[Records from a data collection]
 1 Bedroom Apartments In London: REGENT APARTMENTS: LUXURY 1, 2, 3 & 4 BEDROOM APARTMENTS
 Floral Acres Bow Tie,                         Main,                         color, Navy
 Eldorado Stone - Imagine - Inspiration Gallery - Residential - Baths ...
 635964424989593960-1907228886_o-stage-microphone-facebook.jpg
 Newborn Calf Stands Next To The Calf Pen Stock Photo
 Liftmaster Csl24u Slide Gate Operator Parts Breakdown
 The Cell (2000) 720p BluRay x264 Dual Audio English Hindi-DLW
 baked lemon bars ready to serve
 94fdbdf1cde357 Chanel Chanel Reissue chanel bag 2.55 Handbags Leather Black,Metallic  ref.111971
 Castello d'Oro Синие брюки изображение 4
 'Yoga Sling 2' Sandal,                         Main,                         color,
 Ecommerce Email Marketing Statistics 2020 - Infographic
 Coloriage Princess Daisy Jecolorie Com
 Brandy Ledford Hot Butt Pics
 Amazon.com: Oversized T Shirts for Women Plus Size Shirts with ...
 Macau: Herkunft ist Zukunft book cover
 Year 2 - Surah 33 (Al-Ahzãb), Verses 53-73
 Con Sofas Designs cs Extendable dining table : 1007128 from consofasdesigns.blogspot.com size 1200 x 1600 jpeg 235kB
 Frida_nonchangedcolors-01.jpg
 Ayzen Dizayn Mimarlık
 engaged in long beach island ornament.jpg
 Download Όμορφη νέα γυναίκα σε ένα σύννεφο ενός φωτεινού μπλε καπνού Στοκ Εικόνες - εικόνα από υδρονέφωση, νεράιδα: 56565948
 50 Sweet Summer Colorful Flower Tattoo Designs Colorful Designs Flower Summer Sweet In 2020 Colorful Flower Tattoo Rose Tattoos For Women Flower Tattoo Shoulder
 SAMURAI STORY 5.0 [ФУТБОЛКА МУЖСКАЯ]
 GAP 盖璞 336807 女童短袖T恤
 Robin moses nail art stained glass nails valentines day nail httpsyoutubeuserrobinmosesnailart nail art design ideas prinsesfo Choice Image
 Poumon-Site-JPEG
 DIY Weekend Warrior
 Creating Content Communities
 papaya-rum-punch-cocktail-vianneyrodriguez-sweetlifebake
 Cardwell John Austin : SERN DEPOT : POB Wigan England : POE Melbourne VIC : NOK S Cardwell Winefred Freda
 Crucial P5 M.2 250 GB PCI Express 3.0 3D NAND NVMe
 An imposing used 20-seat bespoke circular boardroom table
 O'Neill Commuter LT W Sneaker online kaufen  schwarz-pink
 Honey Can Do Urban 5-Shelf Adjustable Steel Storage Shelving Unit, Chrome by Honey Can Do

## GOAL OF THE EXERCISE
Copy out only the lines above from the one with "94fdbdf1cde357 Chanel Chanel" to the one with "O'Neill Commuter LT", inclusive, exactly as they stand.

## EXERCISE SOLUTION
 94fdbdf1cde357 Chanel Chanel Reissue chanel bag 2.55 Handbags Leather Black,Metallic  ref.111971
 Castello d'Oro Синие брюки изображение 4
 'Yoga Sling 2' Sandal,                         Main,                         color,
 Ecommerce Email Marketing Statistics 2020 - Infographic
 Coloriage Princess Daisy Jecolorie Com
 Brandy Ledford Hot Butt Pics
 Amazon.com: Oversized T Shirts for Women Plus Size Shirts with ...
 Macau: Herkunft ist Zukunft book cover
 Year 2 - Surah 33 (Al-Ahzãb), Verses 53-73
 Con Sofas Designs cs Extendable dining table : 1007128 from consofasdesigns.blogspot.com size 1200 x 1600 jpeg 235kB
 Frida_nonchangedcolors-01.jpg
 Ayzen Dizayn Mimarlık
 engaged in long beach island ornament.jpg
 Download Όμορφη νέα γυναίκα σε ένα σύννεφο ενός φωτεινού μπλε καπνού Στοκ Εικόνες - εικόνα από υδρονέφωση, νεράιδα: 56565948
 50 Sweet Summer Colorful Flower Tattoo Designs Colorful Designs Flower Summer Sweet In 2020 Colorful Flower Tattoo Rose Tattoos For Women Flower Tattoo Shoulder
 SAMURAI STORY 5.0 [ФУТБОЛКА МУЖСКАЯ]
 GAP 盖璞 336807 女童短袖T恤
 Robin moses nail art stained glass nails valentines day nail httpsyoutubeuserrobinmosesnailart nail art design ideas prinsesfo Choice Image
 Poumon-Site-JPEG
 DIY Weekend Warrior
 Creating Content Communities
 papaya-rum-punch-cocktail-vianneyrodriguez-sweetlifebake
 Cardwell John Austin : SERN DEPOT : POB Wigan England : POE Melbourne VIC : NOK S Cardwell Winefred Freda
 Crucial P5 M.2 250 GB PCI Express 3.0 3D NAND NVMe
 An imposing used 20-seat bespoke circular boardroom table
 O'Neill Commuter LT W Sneaker online kaufen  schwarz-pink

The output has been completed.